Top of DATA PROVIDED

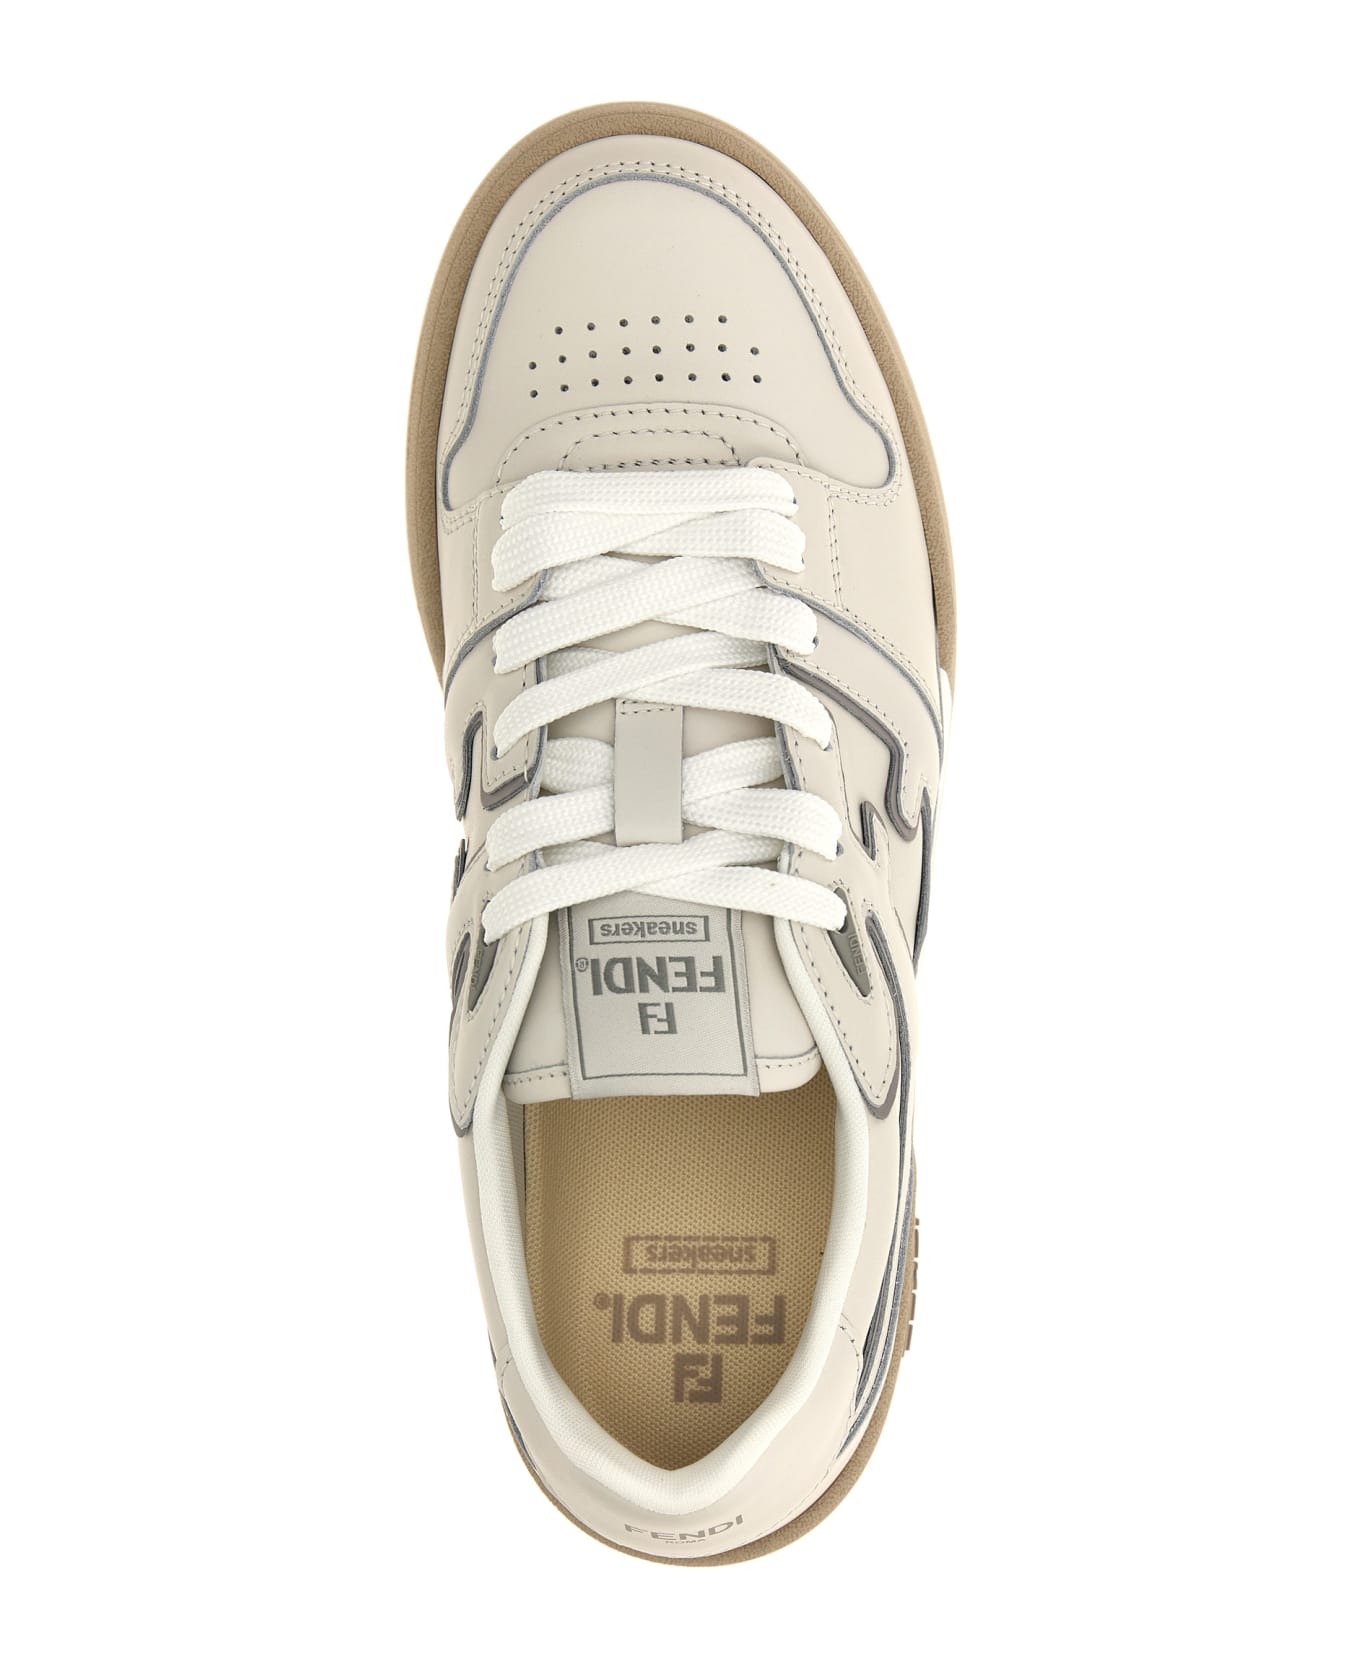 Fendi Match Sneakers - White
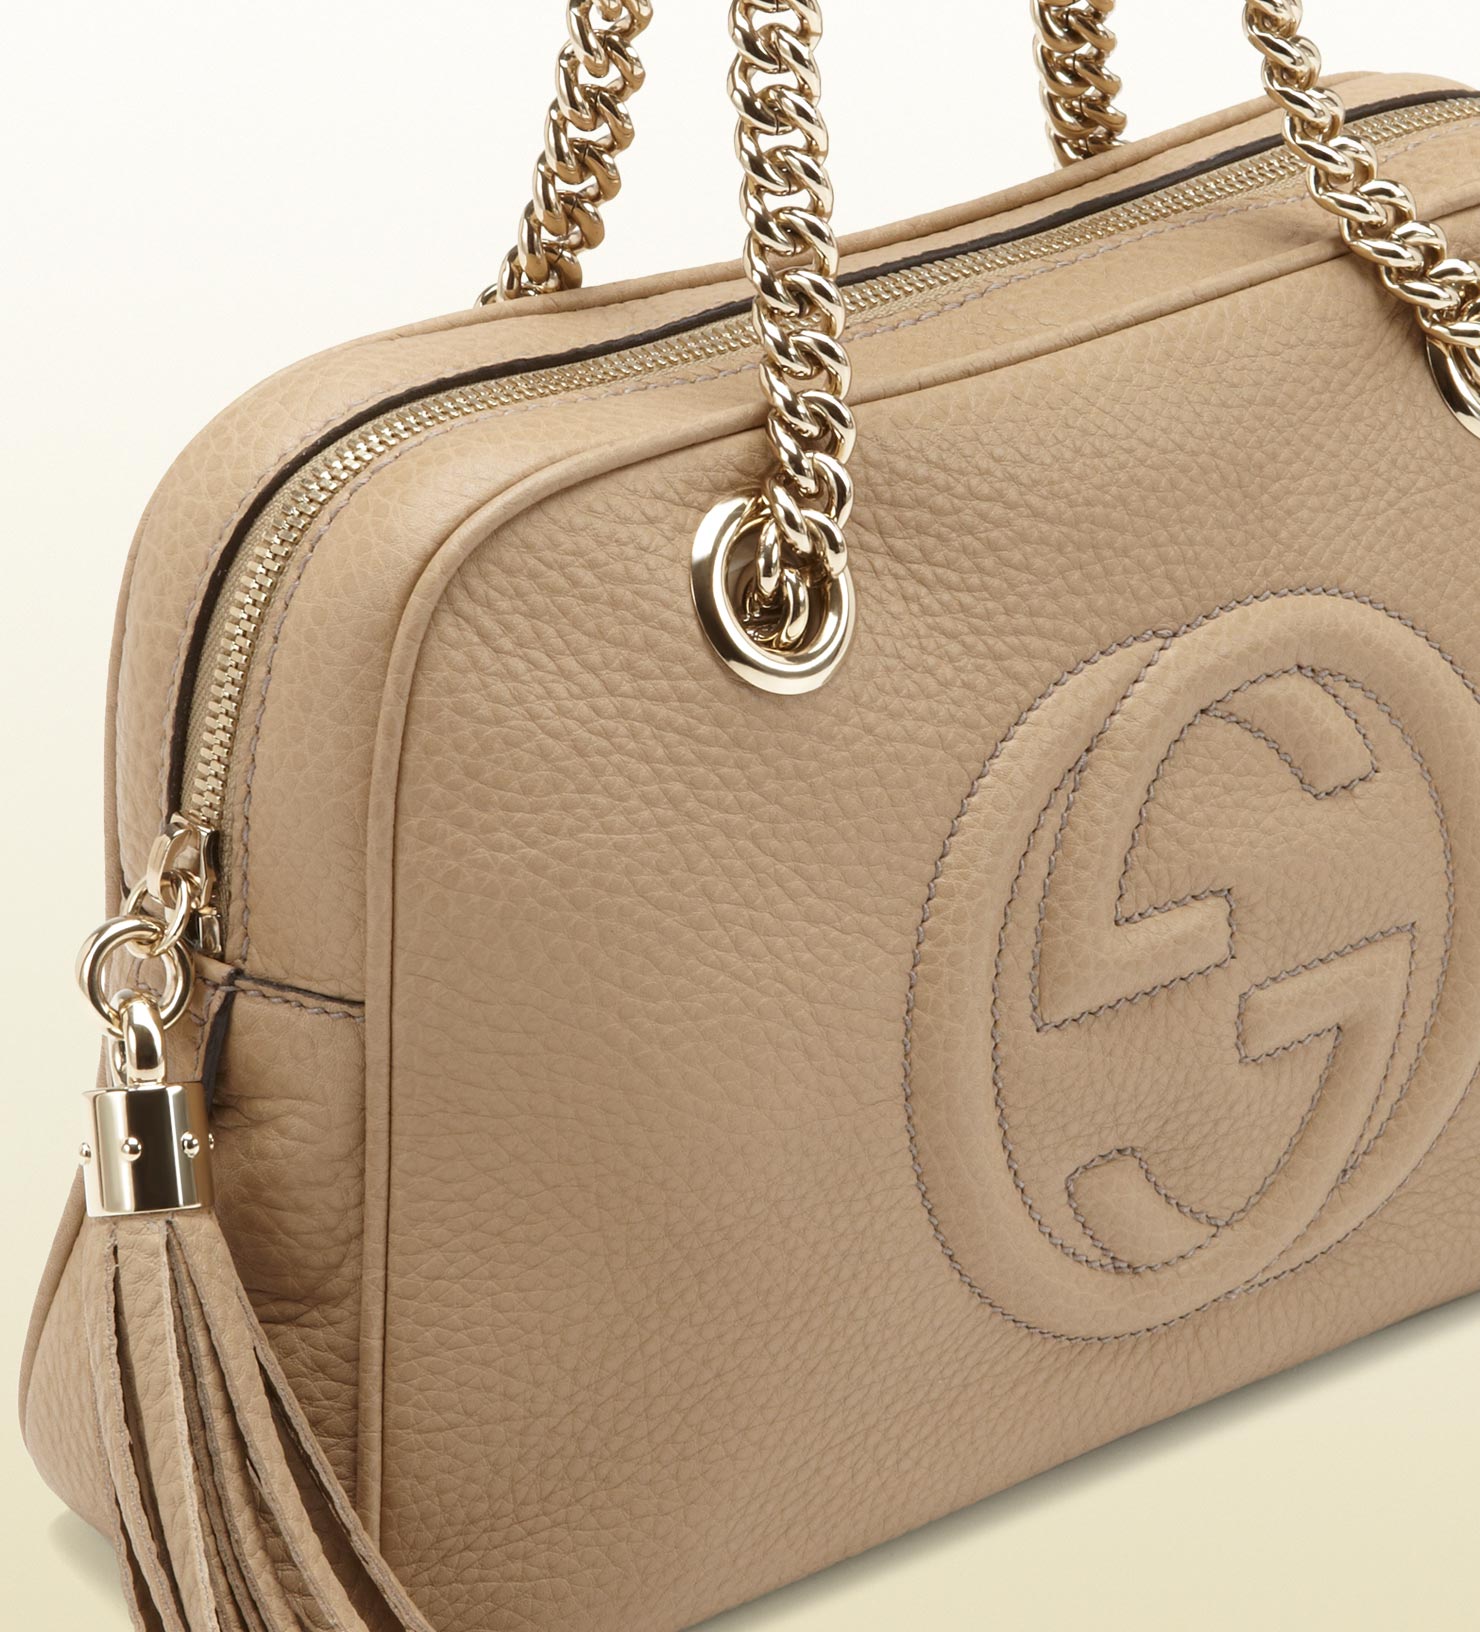 Gucci Soho Leather Shoulder Bag in Natural | Lyst
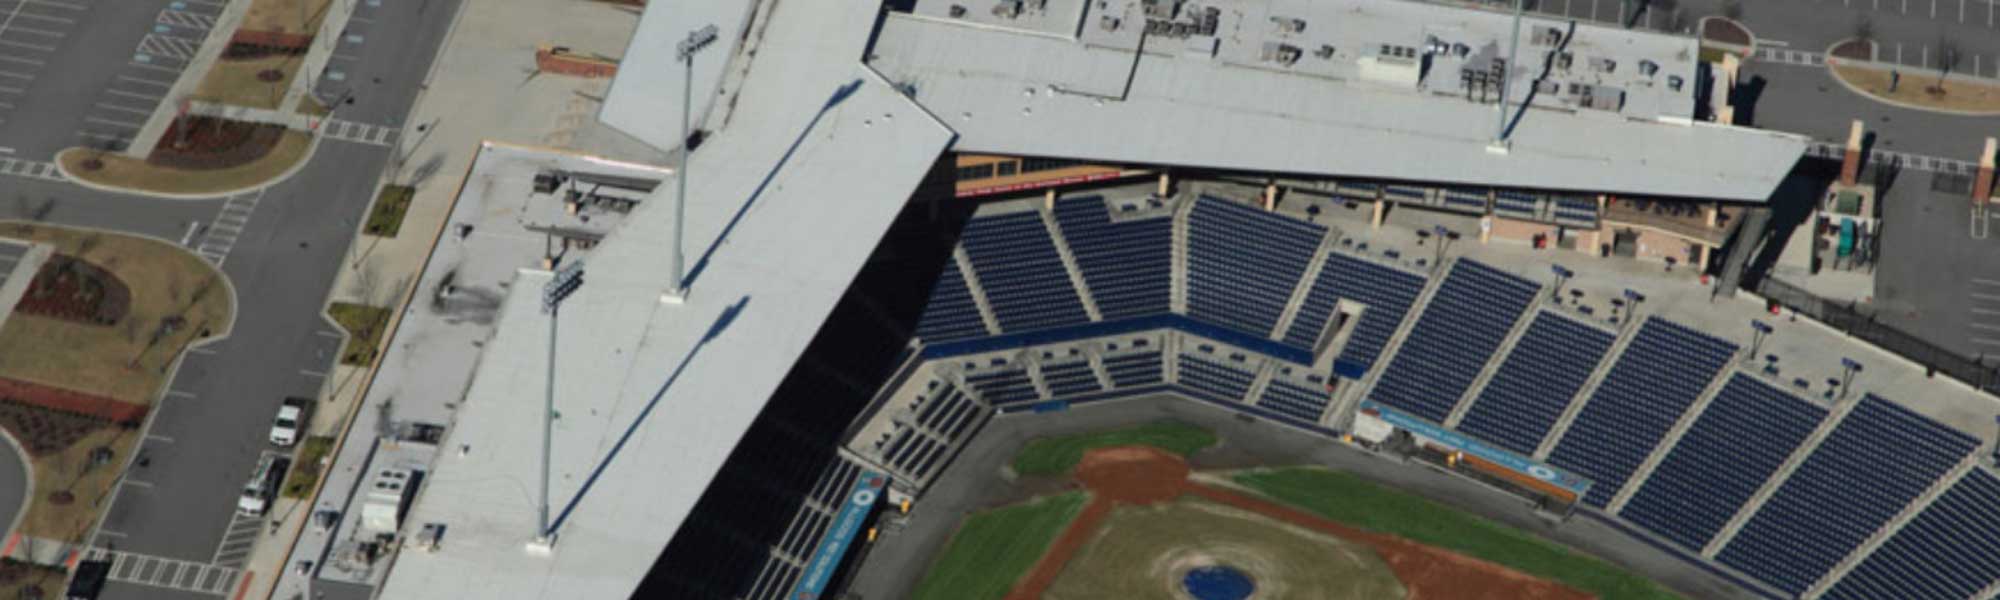 Baseball Field Roof

Bottom of DATA PROVIDED

THE TASK> Provide the listing above once more, exactly, with the pictures removed.

ANSWER FOR THE TASK>
 Fendi Match Sneakers - White
 Gucci Soho Leather Shoulder Bag in Natural | Lyst
 Baseball Field Roof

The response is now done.